The garden at the center of the novel changes with weather and the seasons as the lives of the characters change. It blooms, goes dormant, is wrecked by storm, and returns. Its transformations show how fragility and resilience may coexist. When Matsu, Sachi, and Stephen work in either the main garden or Sachi’s stone garden, their time there is also work on the soul. When Matsu resists Stephen helping in his garden after the storm, “Sachi turned to Matsu and softly said, ‘I remember a time when you told me working in the garden would give me back my life’” (56). Matsu then allows Stephen to join them in rebuilding.
Tsukiyama uses food throughout the novel as a grounding trope, with a few exceptions (e.g., Stephen and his father eating in Tokyo as they are watched by wary Japanese patrons). From the comfort of a first breakfast with Matsu (“rice with pickled vegetables and miso soup” (13)) to the joy of the “[h]omemade yokan” Keiko gives Stephen(Matsu comments, “’You must be quite special to this girl’” (61)), food connects people to places and each other.
Stephen’s painting and writing allow him to capture on canvas and paper his surroundings and, more importantly, his feelings. His journal literally and figuratively holds his Tarumi experience. His painting of Matsu’s garden from the novel’s title is his final gift to Matsu, encapsulating all he has learned there and modeling service. Matsu’s final gift to Stephen, two blank books, is the tabula rasa on which Stephen will write his future.
The prayer slips at Tama shrine are mentioned only twice in the novel – once on Stephen’s first visit there, once on his last. But these visits and the slips frame Stephen’s time in Tarumi.

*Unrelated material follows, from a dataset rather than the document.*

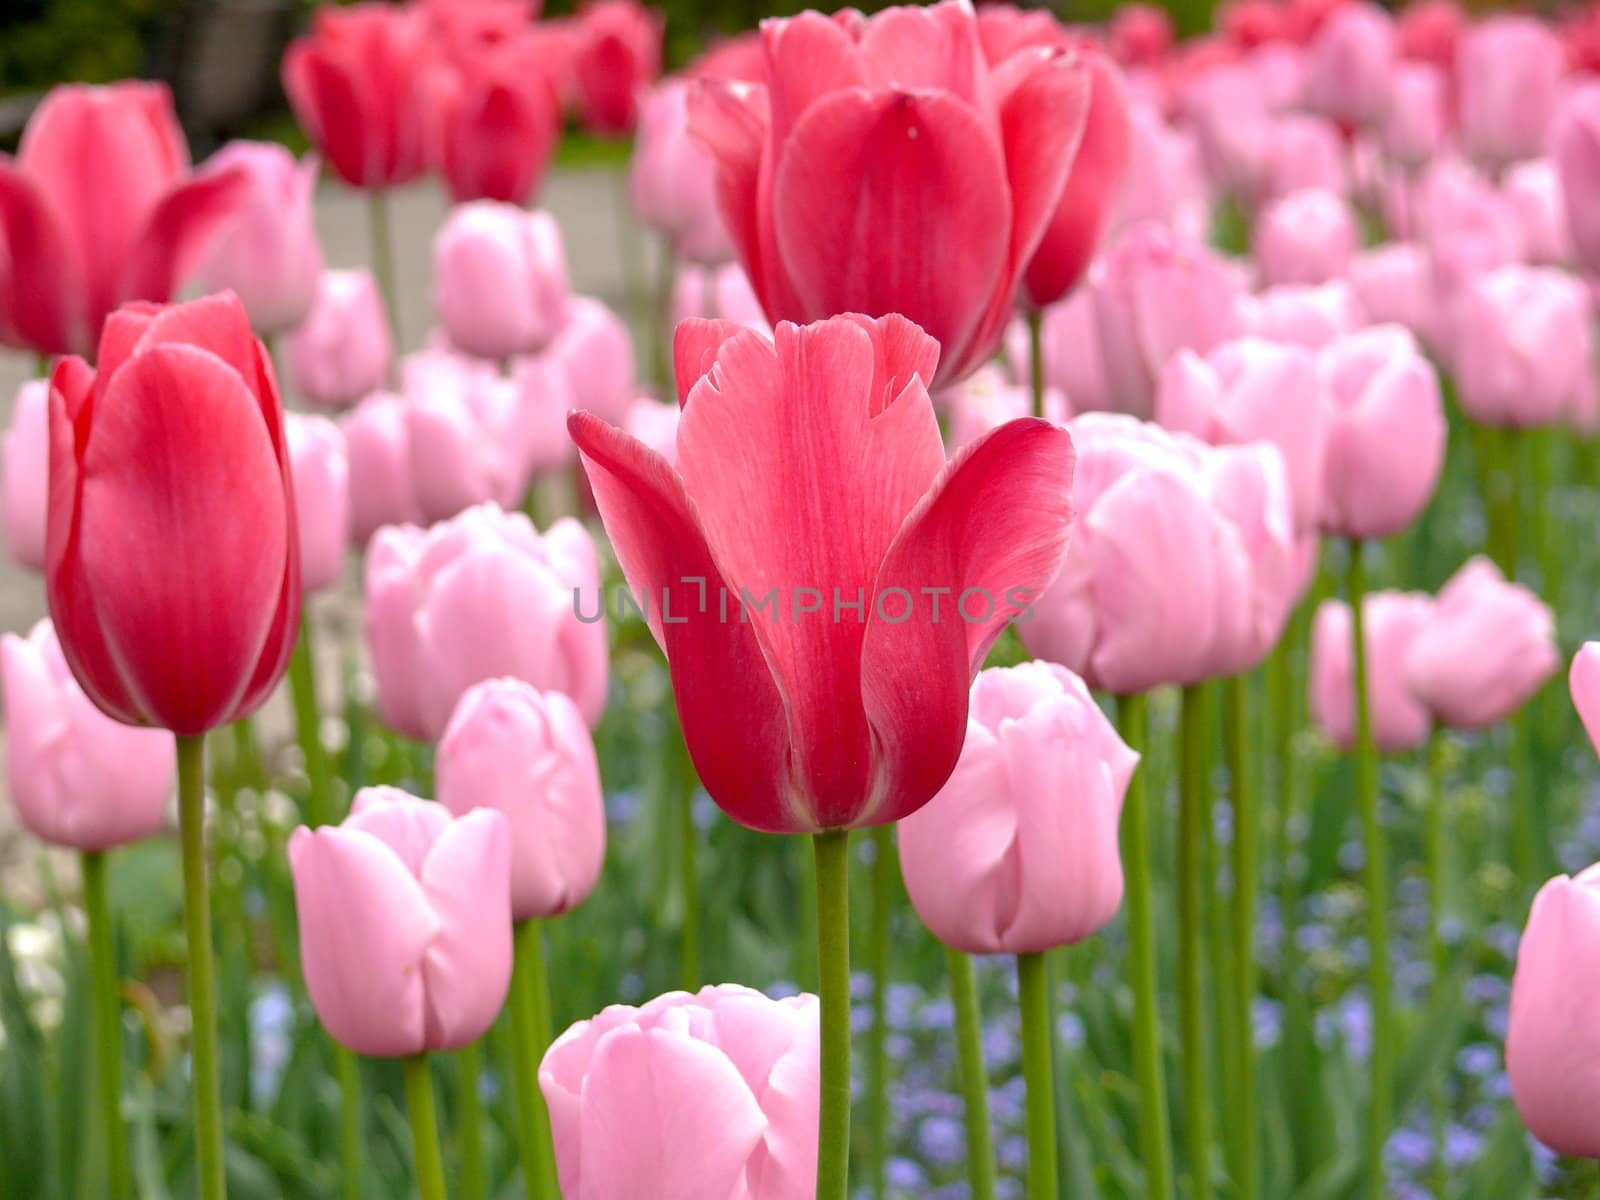 Many fresh bloom pink tulips in spring day by Stoyanov

They show that he has moved from being an outsider to having an investment in Tarumi and its people. They show that he has learned to bridge isolation and connection, past and present, the individual and the collective: “I knew all the praying in the world wouldn’t stop the war… or make my parents love each other again. I wanted to leave a message… something of me would remain” (209).
When Stephen and Sachi first meet, she is wearing a black veil to cover her face, which has been scarred by leprosy. Stephen gets glimpses of her face beneath and finds her beautiful both in spite of and because of the scars. For the young artist, this realization that beauty occurs not just in the obvious but in the “ugly” is central. It ripples into all of his relationships.
The veil is at once a symbol of shame and – when Sachi removes it – a window into vulnerability. When she shows her true face, she bares her history and her soul. Stephen spots Sachi outside Kenzo’s funeral:“she lifted her veil and her eyes caught mine for just a moment as she bowed low in my direction” (110). Here, Sachi reveals herself to Stephen both literally and figuratively. Stephen has just been shamed by Keiko’s father, and though his friend is not aware of that encounter, she lifts the veil on shame for both of them.
Like the veil and the prayer slips, Tomoko’s stones are not frequently present in the novel. However, they are a powerful talisman of Tomoko’s story and the larger story of Tarumi. When Tomoko collected them, the stones were youthful good luck. In Sachi’s hands, they are remembrance of a friend torn away by disease and tradition. Sachi gives them to Stephen as he prepares to leave Tarumi: “in the palm of my hand Sachi placed Tomoko’s two shiny black stones, collected so many years ago for their magic powers” (205). Now, the stones are magic, but not as in a young girl’s imagination. Instead, they hold the wonder of Stephen’s own transformation.